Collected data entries
◆ ◆ ◆
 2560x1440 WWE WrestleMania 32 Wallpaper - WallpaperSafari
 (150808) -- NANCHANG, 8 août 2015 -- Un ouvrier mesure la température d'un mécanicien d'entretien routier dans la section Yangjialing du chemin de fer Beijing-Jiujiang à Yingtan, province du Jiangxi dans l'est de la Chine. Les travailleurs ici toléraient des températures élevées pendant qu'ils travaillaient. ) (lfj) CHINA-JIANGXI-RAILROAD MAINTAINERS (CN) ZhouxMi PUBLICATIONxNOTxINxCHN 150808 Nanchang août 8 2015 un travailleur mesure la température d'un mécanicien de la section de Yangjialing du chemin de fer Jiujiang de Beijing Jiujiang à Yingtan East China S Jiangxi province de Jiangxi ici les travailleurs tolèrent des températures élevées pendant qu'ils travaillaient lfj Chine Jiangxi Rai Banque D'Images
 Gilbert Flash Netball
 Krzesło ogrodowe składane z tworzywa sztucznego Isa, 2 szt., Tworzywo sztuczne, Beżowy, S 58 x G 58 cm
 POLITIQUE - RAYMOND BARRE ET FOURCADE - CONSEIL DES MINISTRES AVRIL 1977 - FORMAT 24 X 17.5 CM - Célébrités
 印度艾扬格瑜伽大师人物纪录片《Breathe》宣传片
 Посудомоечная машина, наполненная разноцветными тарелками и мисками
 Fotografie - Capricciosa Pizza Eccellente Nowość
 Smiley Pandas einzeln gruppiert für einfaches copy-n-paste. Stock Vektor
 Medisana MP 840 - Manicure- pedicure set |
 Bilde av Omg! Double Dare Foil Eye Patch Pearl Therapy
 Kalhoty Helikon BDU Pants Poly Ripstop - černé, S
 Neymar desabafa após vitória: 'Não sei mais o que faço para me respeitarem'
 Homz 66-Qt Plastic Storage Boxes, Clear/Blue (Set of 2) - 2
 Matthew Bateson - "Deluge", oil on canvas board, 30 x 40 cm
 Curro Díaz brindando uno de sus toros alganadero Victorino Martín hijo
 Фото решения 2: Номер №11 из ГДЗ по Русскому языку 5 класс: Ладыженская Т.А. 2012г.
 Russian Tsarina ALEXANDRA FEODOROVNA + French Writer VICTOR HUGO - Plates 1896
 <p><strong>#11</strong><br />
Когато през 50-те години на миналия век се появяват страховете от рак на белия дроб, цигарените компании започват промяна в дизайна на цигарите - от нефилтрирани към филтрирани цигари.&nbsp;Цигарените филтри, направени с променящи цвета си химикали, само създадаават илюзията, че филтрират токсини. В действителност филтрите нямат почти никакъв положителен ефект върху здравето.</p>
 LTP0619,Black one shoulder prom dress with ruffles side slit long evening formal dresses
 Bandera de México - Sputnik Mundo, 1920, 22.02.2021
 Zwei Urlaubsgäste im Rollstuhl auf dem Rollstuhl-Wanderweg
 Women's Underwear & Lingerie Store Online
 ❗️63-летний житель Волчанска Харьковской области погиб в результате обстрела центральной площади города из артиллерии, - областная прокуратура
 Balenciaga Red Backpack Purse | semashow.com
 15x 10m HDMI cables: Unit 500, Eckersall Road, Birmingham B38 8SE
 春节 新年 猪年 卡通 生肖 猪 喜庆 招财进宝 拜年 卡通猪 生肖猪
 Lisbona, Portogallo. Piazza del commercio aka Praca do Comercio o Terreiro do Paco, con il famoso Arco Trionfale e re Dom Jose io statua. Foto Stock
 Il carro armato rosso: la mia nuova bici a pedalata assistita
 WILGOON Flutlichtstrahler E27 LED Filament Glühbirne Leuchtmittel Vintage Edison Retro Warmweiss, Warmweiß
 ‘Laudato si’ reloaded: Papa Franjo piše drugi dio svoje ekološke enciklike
◆ ◆ ◆
*TO DO*
Which lines belong in the answer? Exactly those from the first line of the entries through the line holding "Homz 66-Qt Plastic", inclusive, copied unchanged.

*ANSWER SECTION*
 2560x1440 WWE WrestleMania 32 Wallpaper - WallpaperSafari
 (150808) -- NANCHANG, 8 août 2015 -- Un ouvrier mesure la température d'un mécanicien d'entretien routier dans la section Yangjialing du chemin de fer Beijing-Jiujiang à Yingtan, province du Jiangxi dans l'est de la Chine. Les travailleurs ici toléraient des températures élevées pendant qu'ils travaillaient. ) (lfj) CHINA-JIANGXI-RAILROAD MAINTAINERS (CN) ZhouxMi PUBLICATIONxNOTxINxCHN 150808 Nanchang août 8 2015 un travailleur mesure la température d'un mécanicien de la section de Yangjialing du chemin de fer Jiujiang de Beijing Jiujiang à Yingtan East China S Jiangxi province de Jiangxi ici les travailleurs tolèrent des températures élevées pendant qu'ils travaillaient lfj Chine Jiangxi Rai Banque D'Images
 Gilbert Flash Netball
 Krzesło ogrodowe składane z tworzywa sztucznego Isa, 2 szt., Tworzywo sztuczne, Beżowy, S 58 x G 58 cm
 POLITIQUE - RAYMOND BARRE ET FOURCADE - CONSEIL DES MINISTRES AVRIL 1977 - FORMAT 24 X 17.5 CM - Célébrités
 印度艾扬格瑜伽大师人物纪录片《Breathe》宣传片
 Посудомоечная машина, наполненная разноцветными тарелками и мисками
 Fotografie - Capricciosa Pizza Eccellente Nowość
 Smiley Pandas einzeln gruppiert für einfaches copy-n-paste. Stock Vektor
 Medisana MP 840 - Manicure- pedicure set |
 Bilde av Omg! Double Dare Foil Eye Patch Pearl Therapy
 Kalhoty Helikon BDU Pants Poly Ripstop - černé, S
 Neymar desabafa após vitória: 'Não sei mais o que faço para me respeitarem'
 Homz 66-Qt Plastic Storage Boxes, Clear/Blue (Set of 2) - 2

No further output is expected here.